Know they thyself, presume not God to scan. The proper study of mankind is man.
Know thyself. Nothing in excess. The Self is required to balance the Self.
Many a man who has known himself at ten forgets himself utterly between ten and thirty.
Nay, be a Columbus to whole new continents and worlds within you, opening new channels, not of trade, but of thought. Every man is the lord of a realm beside which the earthly empire of the Czar is but a petty state, a hummock left by the ice.
Only as you do know yourself can your brain serve you as a sharp and efficient tool. Know your failings, passions, and prejudices so you can separate them from what you see. Know also when you actually have thought through to the nature of the thing with which you are dealing and when you are not thinking at all.
Other men's sins are before our eyes; our own are behind our backs.

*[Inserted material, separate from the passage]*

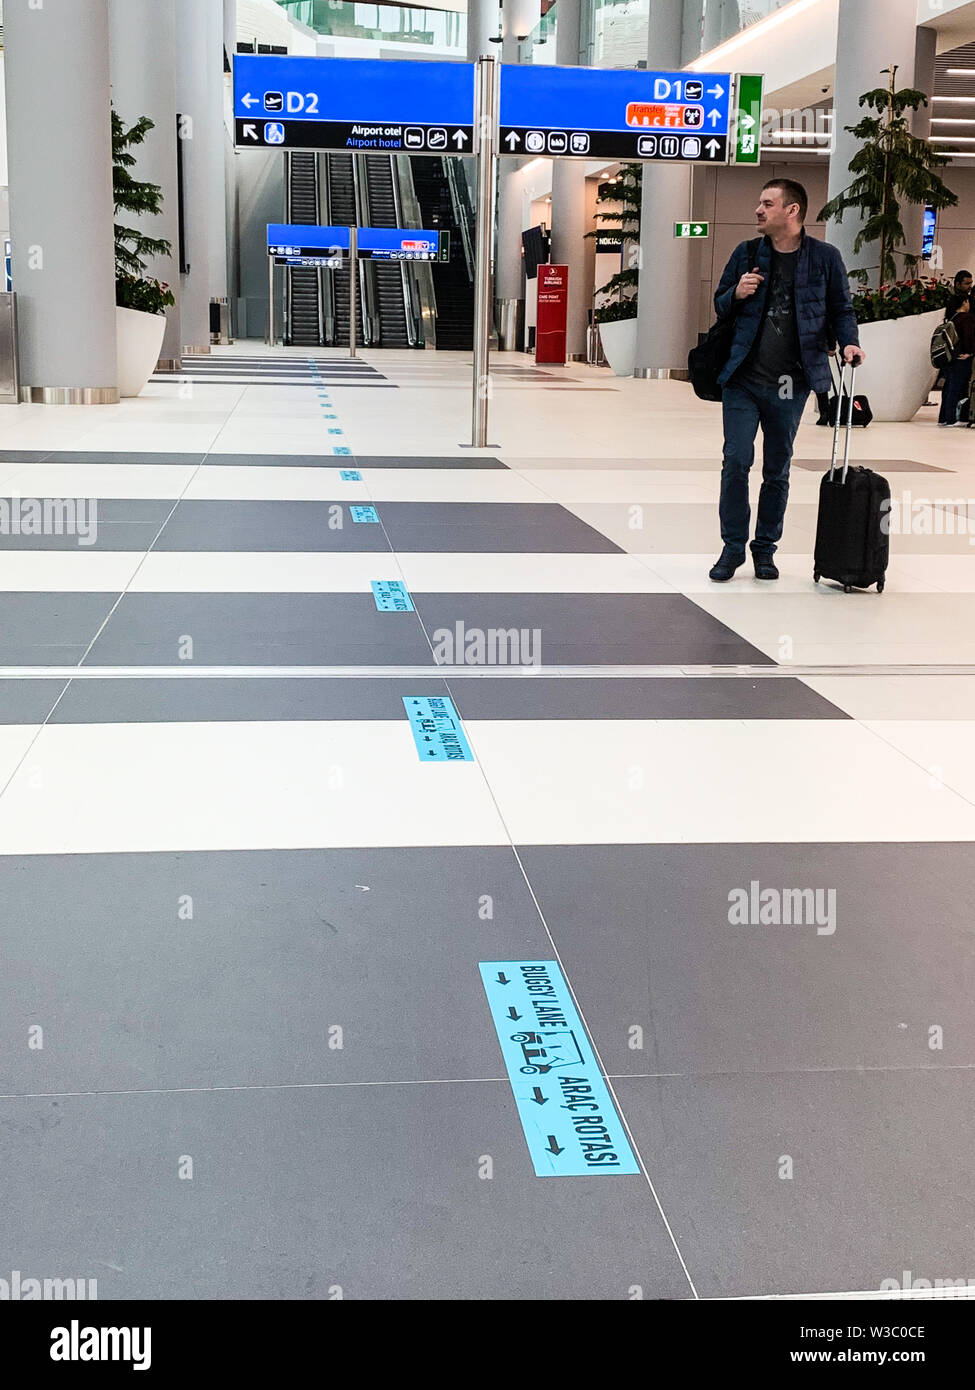 Buggy Lane with a symbol on the floor in English and Turkish language. Path for buggies only, to transport people as free service of a good airport. I Stock Photo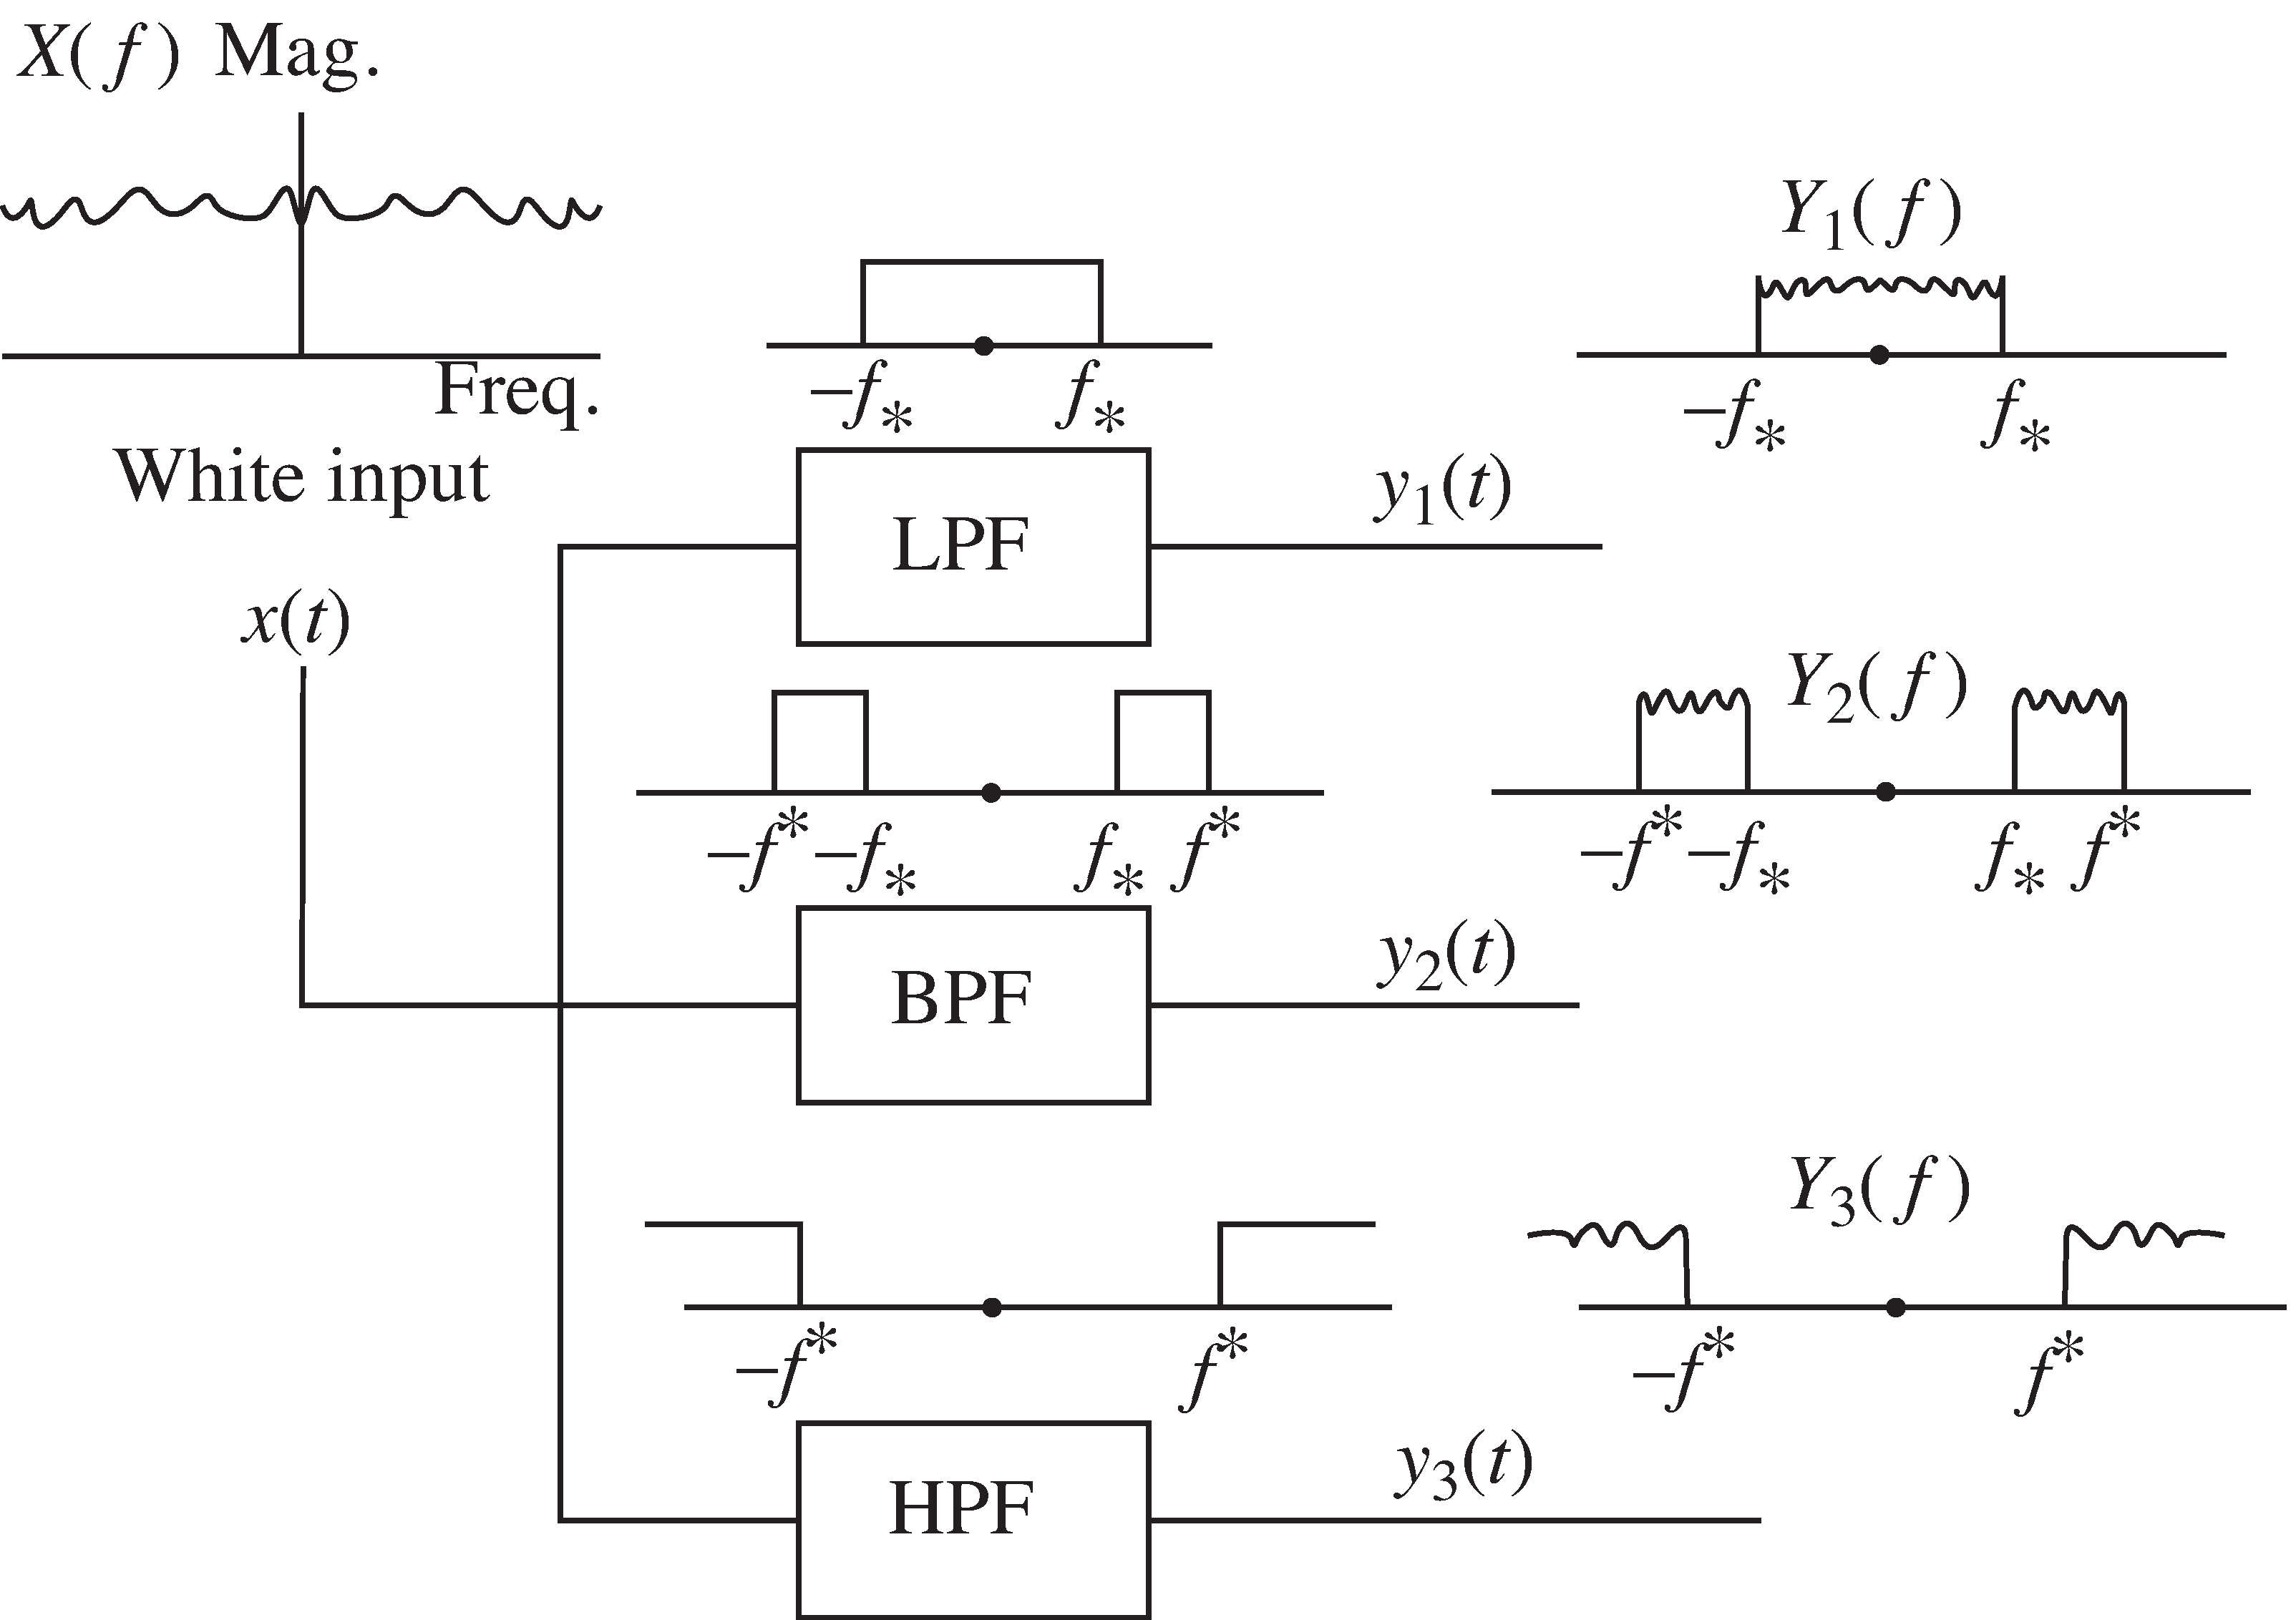 A “white” signal containing all frequencies is passed through a lowpass filter (LPF) leaving only the low frequencies, a bandpass filter (BPF) leaving only the middle frequencies and a highpass filter (HPF) leaving only the high frequencies.

Self knowers always dwell in El Dorado; they drink from the fountain of youth, and at all times owners of all they wish to enjoy.
The conqueror and king in each one of us is the knower of truth. Let the knower awaken in us and drive the horses of the mind, emotions, and physical body on the pathway which that king has chosen.
The most excellent and divine counsel, the best and most profitable advertisement of all others, but the least practiced, is to study and learn how to know ourselves. This is the foundation of wisdom and the highway to whatever is good. God, Nature, the wise, the world, preach man, exhort him both by word and deed to the study of himself.
The self-explorer, whether he wants to or not, becomes the explorer of everything else. He learns to see himself, but suddenly, provided he was honest, all the rest appears, and it is as rich as he was, and, as a final crowning, richer.
There are three things extremely hard: steel, a diamond, and to know one's self.
There is a period of life when we swallow knowledge of ourselves and it becomes either good or sour inside.
To grow wiser means to learn to know better and better the faults to which this instrument with which we feel and judge can be subject.
To know oneself, one should assert oneself. Psychology is action, not thinking about oneself. We continue to shape our personality all our life. If we knew ourselves perfectly, we should die.
To know yourself you have only to set down a true statement of those that ever loved or hated you.
To know yourself, see how others do, to know others look into your own heart.
To learn to get along without, to realize that what the world is going to demand of us may be a good deal more important than what we are entitled to demand of it -- this is a hard lesson.
Trust not yourself, but your defects to know, make use of every friend and every foe.
We can only learn to know ourselves and do what we can -- namely, surrender our will and fulfill God's will in us.
We forge gradually our greatest instrument for understanding the world -- introspection. We discover that humanity may resemble us very considerably -- that the best way of knowing the inwardness of our neighbors is to know ourselves.
Without self knowledge, without understanding the working and functions of his machine, man cannot be free, he cannot govern himself and he will always remain a slave.
You can live a lifetime and at the end, know more about other people than you know about yourself.